Y el ángel lo cogió, dando un beso al niño
por sus palabras; y el pequeñuelo entreabrió los
ojos.
Recogieron luego muchas flores magníficas, pero también
humildes ranúnculos y violetas silvestres.
- Ya tenemos un buen ramillete -dijo el niño; y el ángel
asintió con la cabeza, pero no emprendió enseguida
el vuelo hacia Dios. Era de noche, y reinaba un silencio absoluto;
ambos se quedaron en la gran ciudad, flotando en el aire por
uno de sus angostos callejones, donde yacían montones
de paja y cenizas; había habido mudanza: veíanse
cascos de loza, pedazos de yeso, trapos y viejos sombreros,
todo ello de aspecto muy poco atractivo.
Entre todos aquellos desperdicios, el ángel señaló
los trozos de un tiesto roto; de éste se había
desprendido un terrón, con las raíces, de una
gran flor silvestre ya seca, que por eso alguien había
arrojado a la calleja.
- Vamos a llevárnosla -dijo el ángel-. Mientras
volamos te contaré por qué.
Remontaron el vuelo, y el ángel dio principio a su relato:
- En aquel angosto callejón, en una baja bodega, vivía
un pobre niño enfermo. Desde el día de su nacimiento
estuvo en la mayor miseria; todo lo que pudo hacer en su vida
fue cruzar su diminuto cuartucho sostenido en dos muletas; su
felicidad no pasó de aquí. Algunos días
de verano, unos rayos de sol entraban hasta la bodega, nada
más que media horita, y entonces el pequeño se
calentaba al sol y miraba cómo se transparentaba la sangre
en sus flacos dedos, que mantenía levantados delante
el rostro, diciendo: «Sí, hoy he podido salir».
Sabía del bosque y de sus bellísimos verdores
primaverales, sólo porque el hijo del vecino le traía
la primera rama de haya. Se la ponía sobre la cabeza
y soñaba que se encontraba debajo del árbol, en
cuya copa brillaba el sol y cantaban los pájaros.

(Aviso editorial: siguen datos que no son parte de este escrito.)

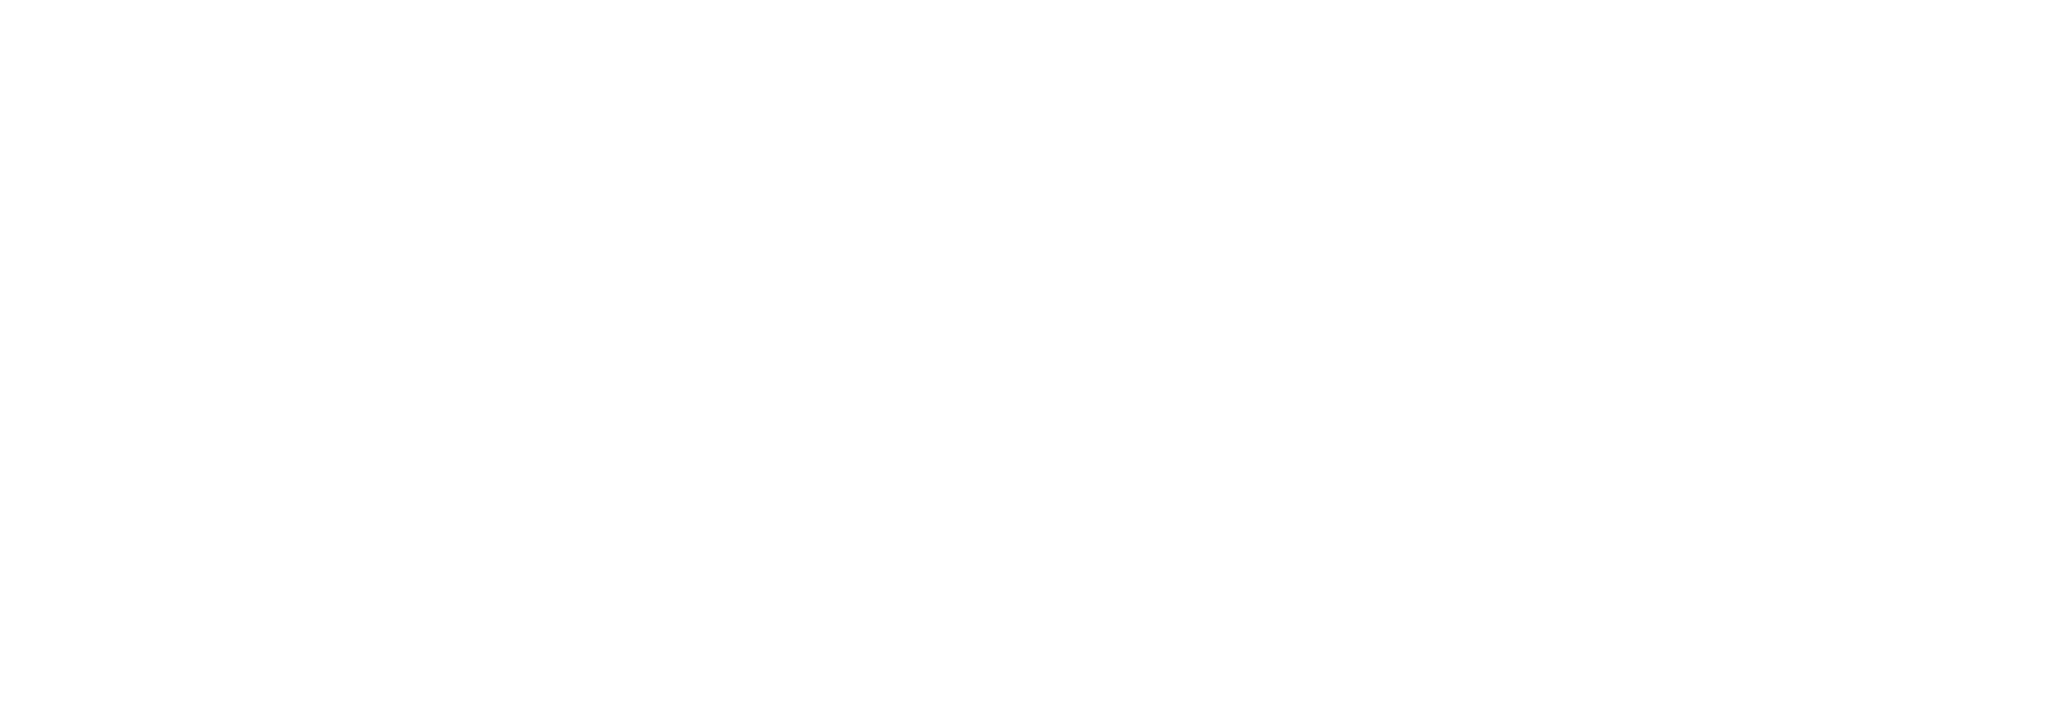 Insured Retirement Institute (IRI)

Un día de primavera, su vecinito le trajo también
flores del campo, y, entre ellas venía casualmente una
con la raíz; por eso la plantaron en una maceta, que
colocaron junto a la cama, al lado de la ventana. Había
plantado aquella flor una mano afortunada, pues, creció,
sacó nuevas ramas y floreció cada año;
para el muchacho enfermo fue el jardín más espléndido,
su pequeño tesoro aquí en la Tierra. La regaba
y cuidaba, preocupándose de que recibiese hasta el último
de los rayos de sol que penetraban por la ventanilla; la propia
flor formaba parte de sus sueños, pues para él
florecía, para él esparcía su aroma y alegraba
la vista; a ella se volvió en el momento de la muerte,
cuando el Señor lo llamó a su seno. Lleva ya un
año junto a Dios, y durante todo el año la plantita
ha seguido en la ventana, olvidada y seca; por eso, cuando la
mudanza, la arrojaron a la basura de la calle. Y ésta
es la flor, la pobre florecilla marchita que hemos puesto en
nuestro ramillete, pues ha proporcionado más alegría
que la más bella del jardín de una reina.

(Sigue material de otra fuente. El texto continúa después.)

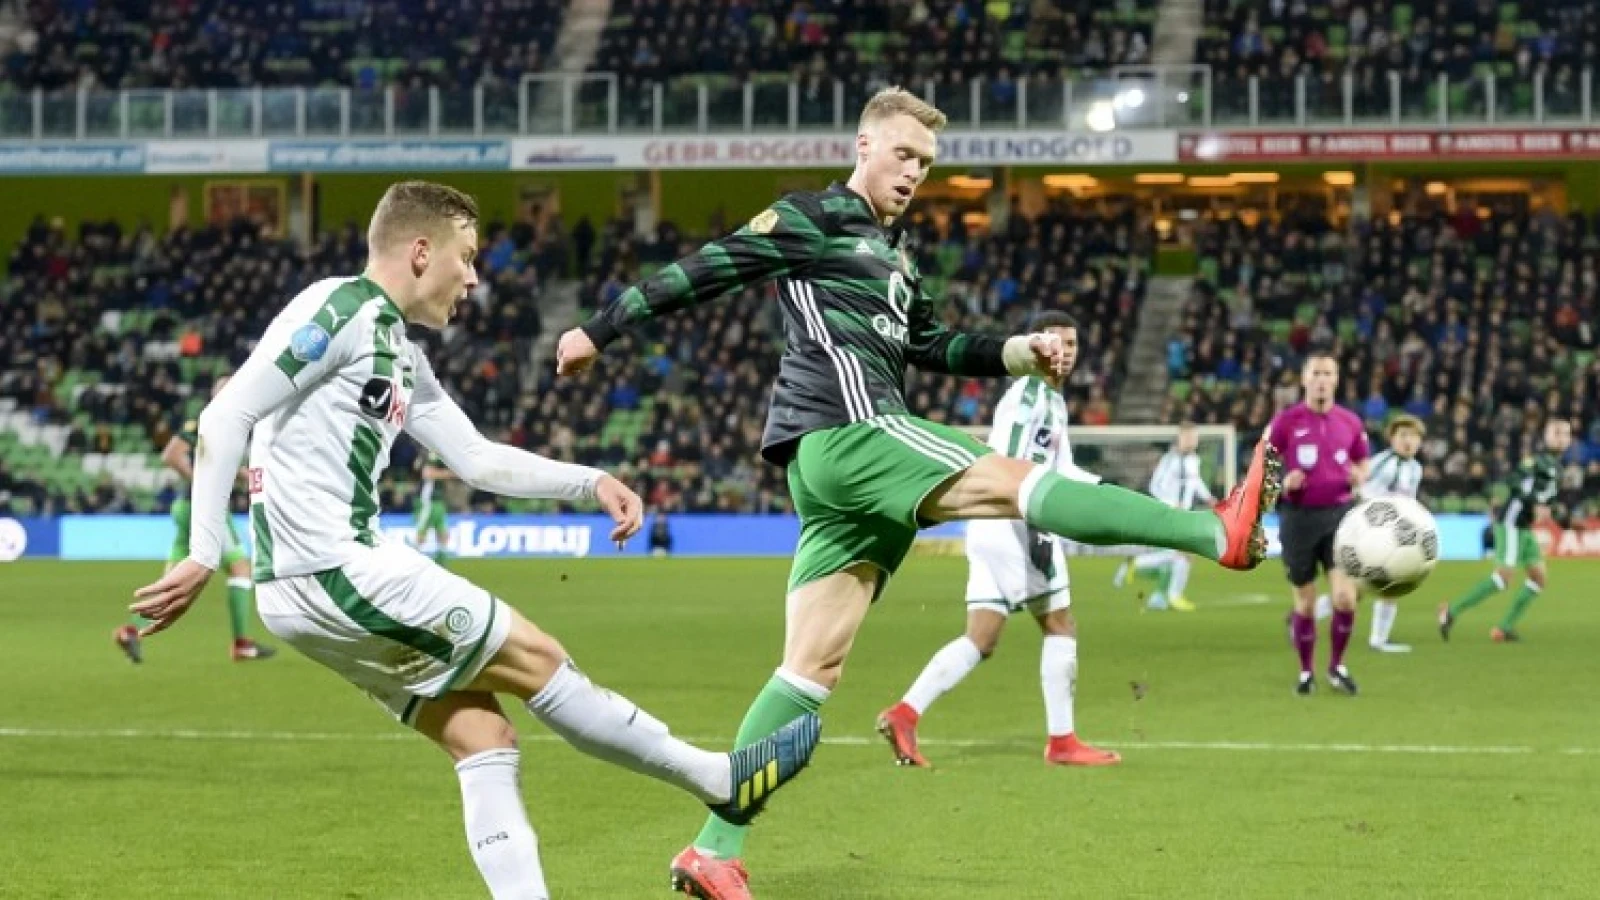 LIVE | FC Groningen - Feyenoord 0-2 | Einde wedstrijd

- Pero, ¿cómo sabes todo esto? -preguntó
el niño que el ángel llevaba al cielo.
- Lo sé -respondió el ángel-, porque yo
fui aquel pobre niño enfermo que se sostenía sobre
muletas. ¡Y bien conozco mi flor!
El pequeño abrió de par en par los ojos y clavó
la mirada en el rostro esplendoroso del ángel; y en el
mismo momento se encontraron en el Cielo de Nuestro Señor,
donde reina la alegría y la bienaventuranza.
Dios apretó al niño muerto contra su corazón,
y al instante le salieron a éste alas como a los demás
ángeles, y con ellos se echó a volar, cogido de
las manos. Nuestro Señor apretó también
contra su pecho todas las flores, pero a la marchita silvestre
la besó, infundiéndole voz, y ella rompió
a cantar con el coro de angelitos que rodean al Altísimo,
algunos muy de cerca otros formando círculos en torno
a los primeros, círculos que se extienden hasta el infinito,
pero todos rebosantes de felicidad. Y todos cantaban, grandes
y chicos, junto con el buen chiquillo bienaventurado y la pobre
flor silvestre que había estado abandonada, entre la
basura de la calleja estrecha y oscura, el día de la
mudanza.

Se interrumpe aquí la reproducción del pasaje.